Updated
Anyone who has seen a honeycomb knows bees can
understand geometry, but now there is proof their tiny brains are also
capable of learning basic arithmetic — and it could have implications
for AI developers.
Key points:
- RMIT researchers have taught honey bees how to do basic arithmetic using colour-coded mazes
- The findings indicate that big brains aren't needed to do maths
- The achievement of complex thinking with very few neurons could have implications for AI development
Researchers at RMIT have succeeded in teaching honeybees to do simple addition and subtraction in their heads, mid flight.

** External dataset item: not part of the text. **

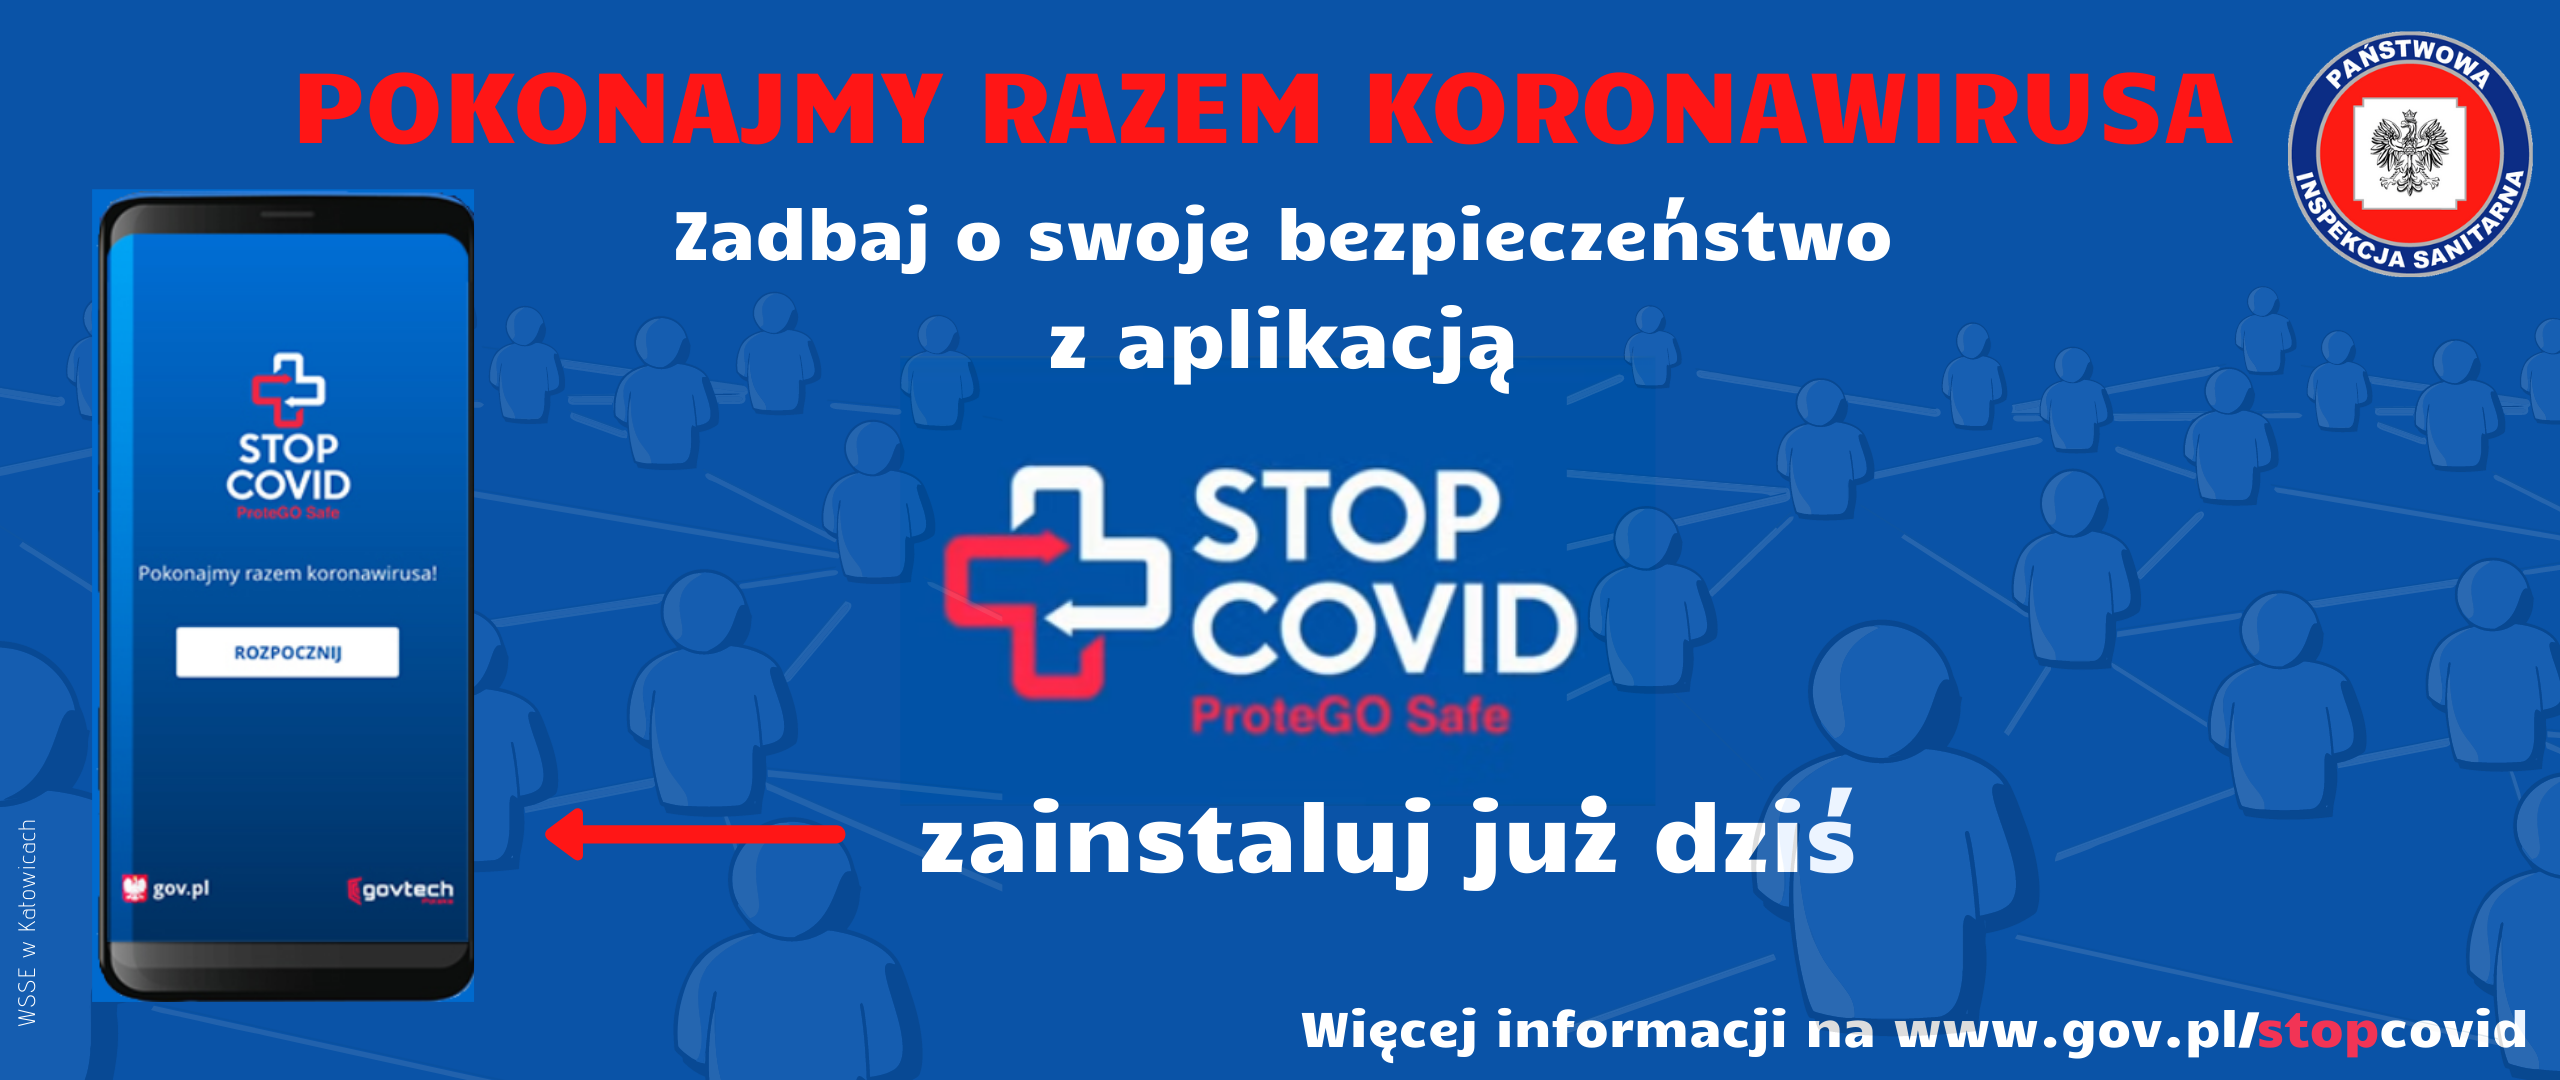 STOP COVID to aplikacja, która skutecznie pomaga w ograniczaniu rozprzestrzeniania się koronawirusa

The experiment used special colour-coded mazes that presented the subjects with a maths problem and two possible answers.
The bees learned, over hundreds of trials, to either add or subtract one element from a number between one and five to select the correct path in the Y-shaped maze.
They earned a reward of sugar water when they made a correct choice, but received a bitter quinine solution if they chose wrong.
The findings, published today in Science Advances, imply that bigger is not always better, as far as brains go.
So just how big is a bee's brain?
"The simple answer is 'very small'", according to Associate Professor Adrian Dyer, the top bee expert from RMIT University in Melbourne."A bee's brain contains around 960,000 neurons — about the same number as in the retina of one human eye," he said."A pin head would be a very good analogy."
There was already evidence that honeybees could count, but PhD student Scarlett Howard wanted to see if they could process numbers according to mathematical rules, Dr Dyer told AM.
She saw the research as a contribution to the debate about whether a big brain is necessary to do mathematics.
She designed the experiment using colour as a code for addition and subtraction, rather than the symbols we use.
"The yellow meant that they should subtract and the blue meant they should add, so they knew that rule long-term," Dr Dyer said.
"Every time they came across a problem that involved blue, they would add information, and if they came across something yellow, they would subtract."
He said the bees learnt to very accurately choose the correct option.
"They probably had the ability to count and we taught them the rule of how mathematics can apply," he said.The mazes allowed the researchers to exclude "confounding factors" like wind and scent from the experiment to ensure robust data.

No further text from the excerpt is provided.